Methods: We analyzed the prospective data from 100 patients who underwent TRUS-guided prostate biopsy from April to December 2010. A stool culture was obtained 1 month before biopsy. Patients received 500 mg levofloxacin orally once daily for 3 days, beginning 2 hours before biopsy. All biopsies were performed as outpatient procedures.

Results: Of the 100 patients, 13 (13%) had a stool culture positive for fluoroquinolone-resistant E. coli. In 4 (31%) of these 13 patients, acute bacterial prostatitis was detected after TRUS-guided prostate biopsy. Of the 87 patients whose stool culture was negative for fluoroquinolone-resistant E. coli, none had acute bacterial prostatitis. All 13 infected patients were treated with carbapenems immediately after diagnosis of prostatitis and made a complete recovery.

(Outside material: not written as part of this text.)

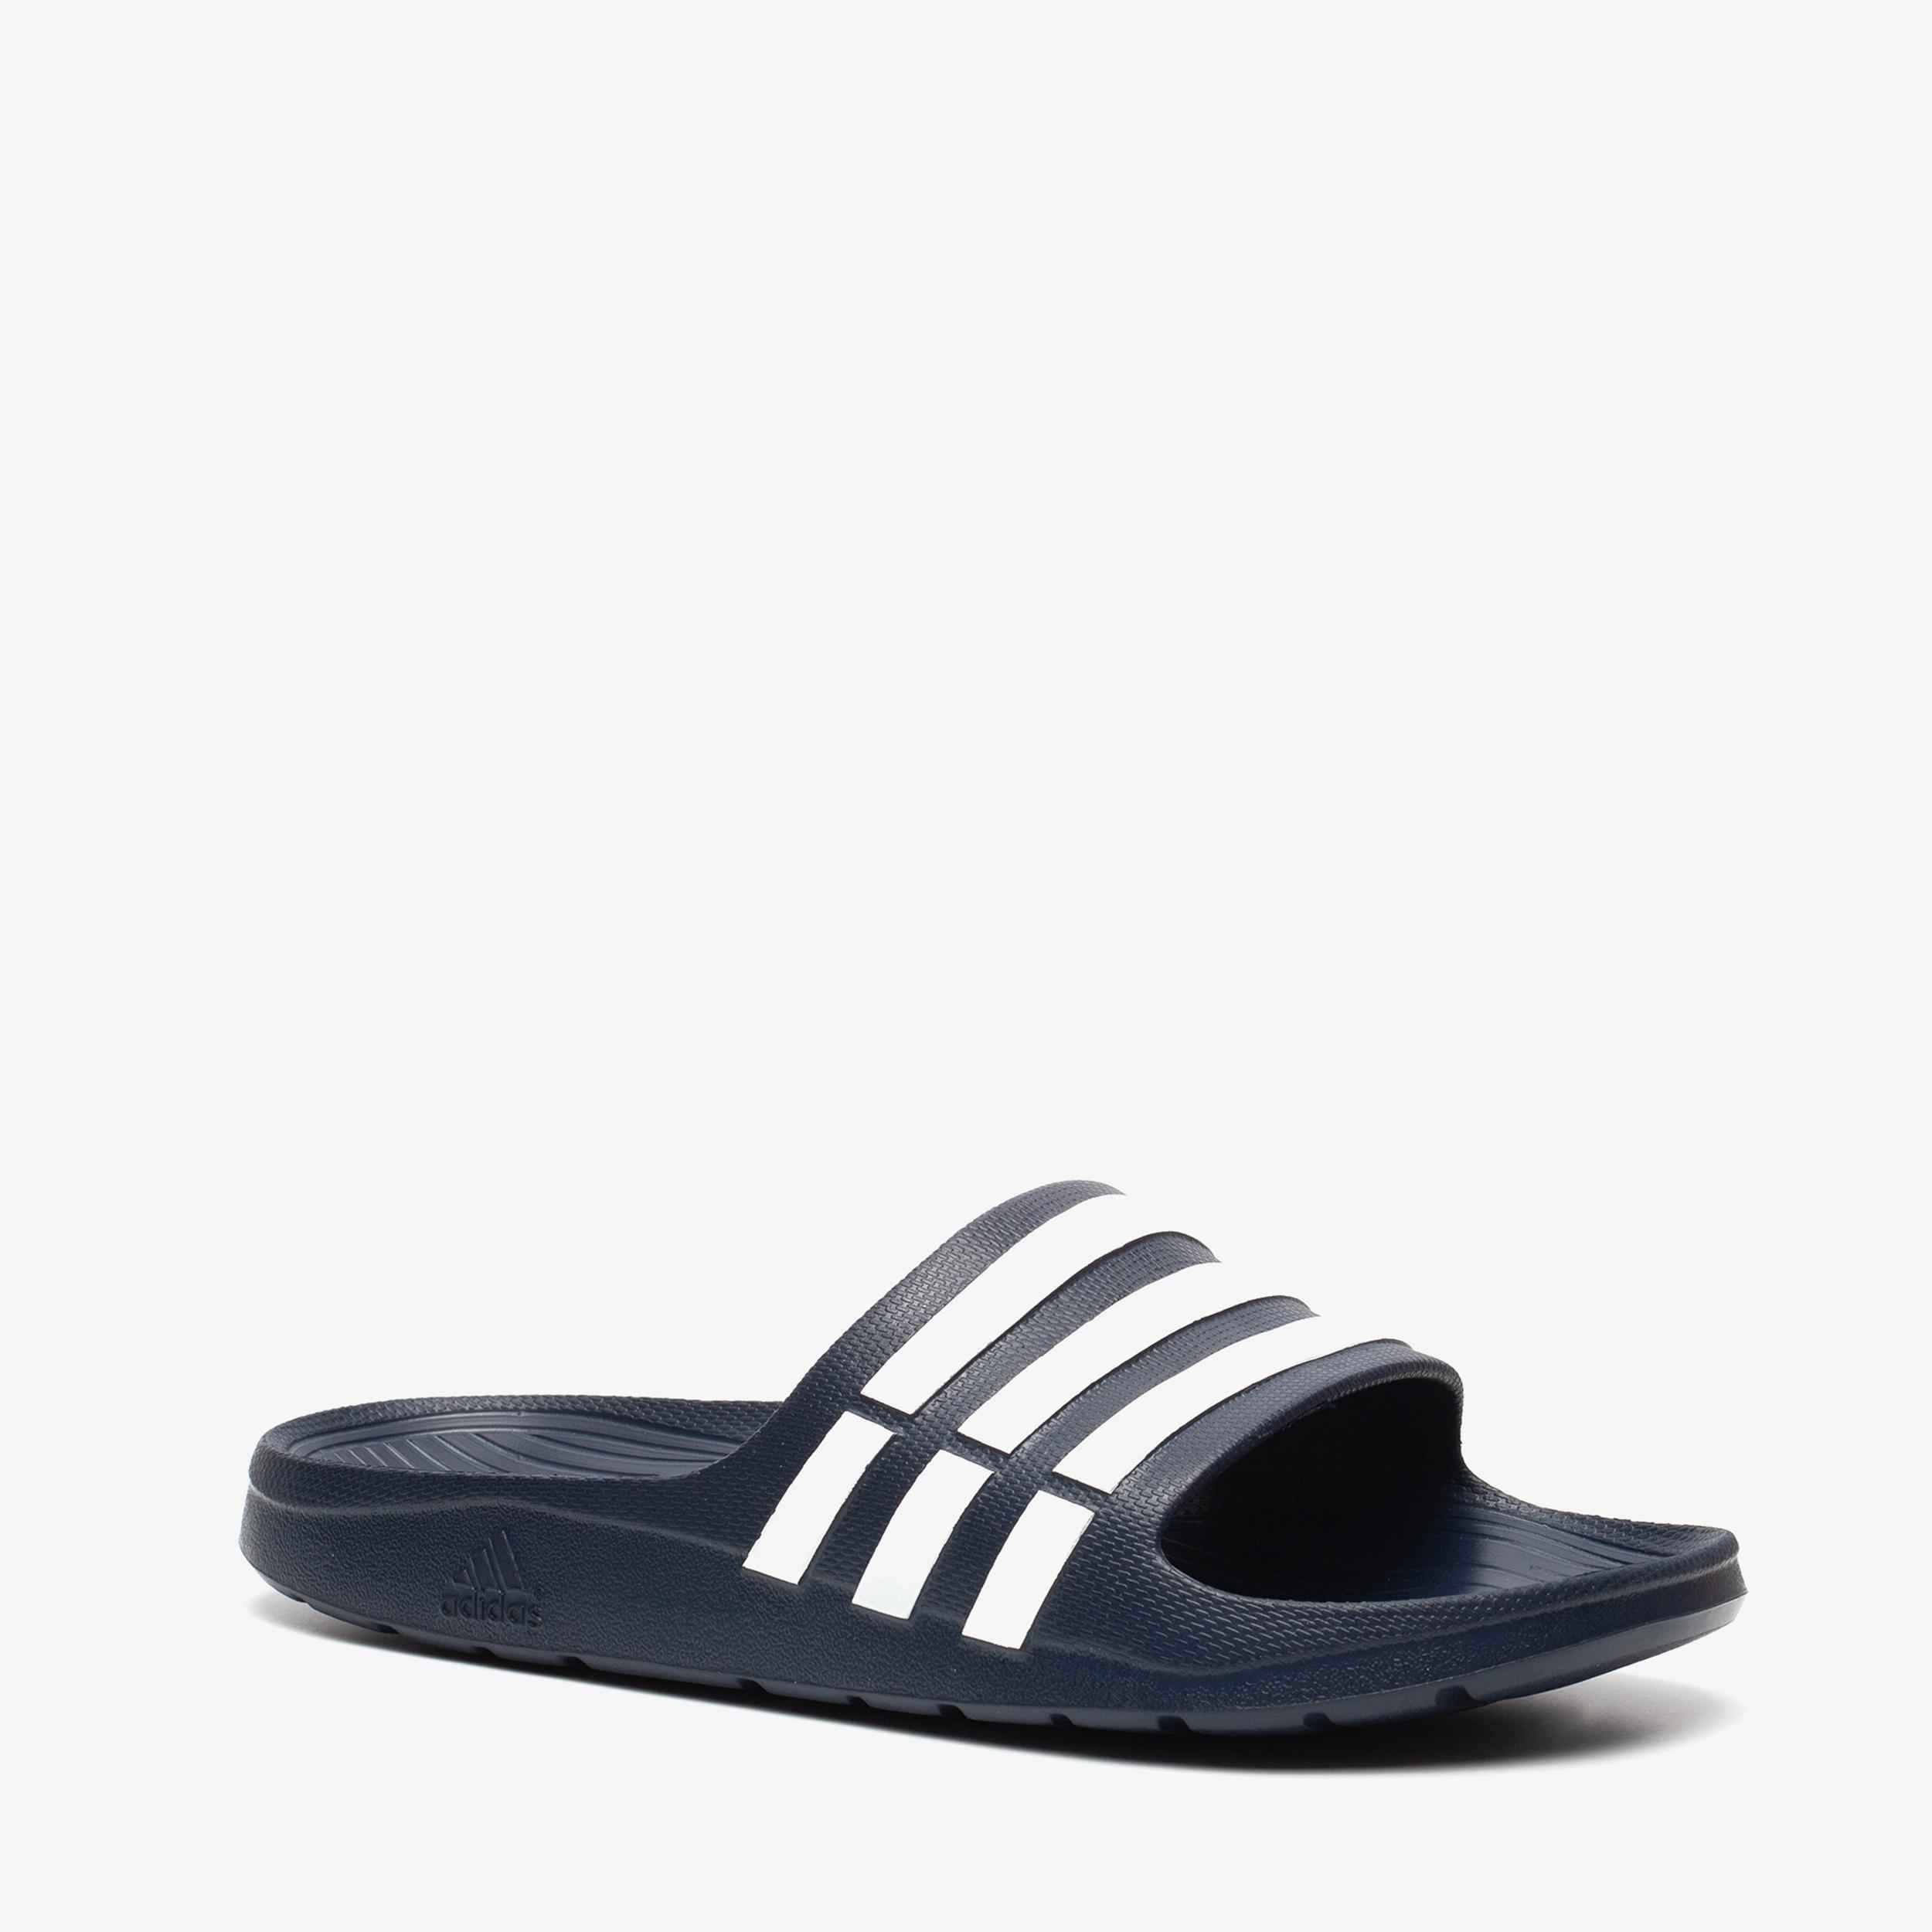 Adidas Duramo Slide heren badslippers | Scapino.nl

Conclusion: Prophylactic fluoroquinolone is still effective in preventing acute bacterial prostatitis after TRUS-guided prostate biopsy. The incidence is relatively low in patients with fluoroquinolone-sensitive E. coli. However, the prevalence of fluoroquinolone-resistant E. coli is about 13% in this population. Stool cultures for the detection of fluoroquinolone-resistant E. coli might be obtained before TRUS-guided prostate biopsy.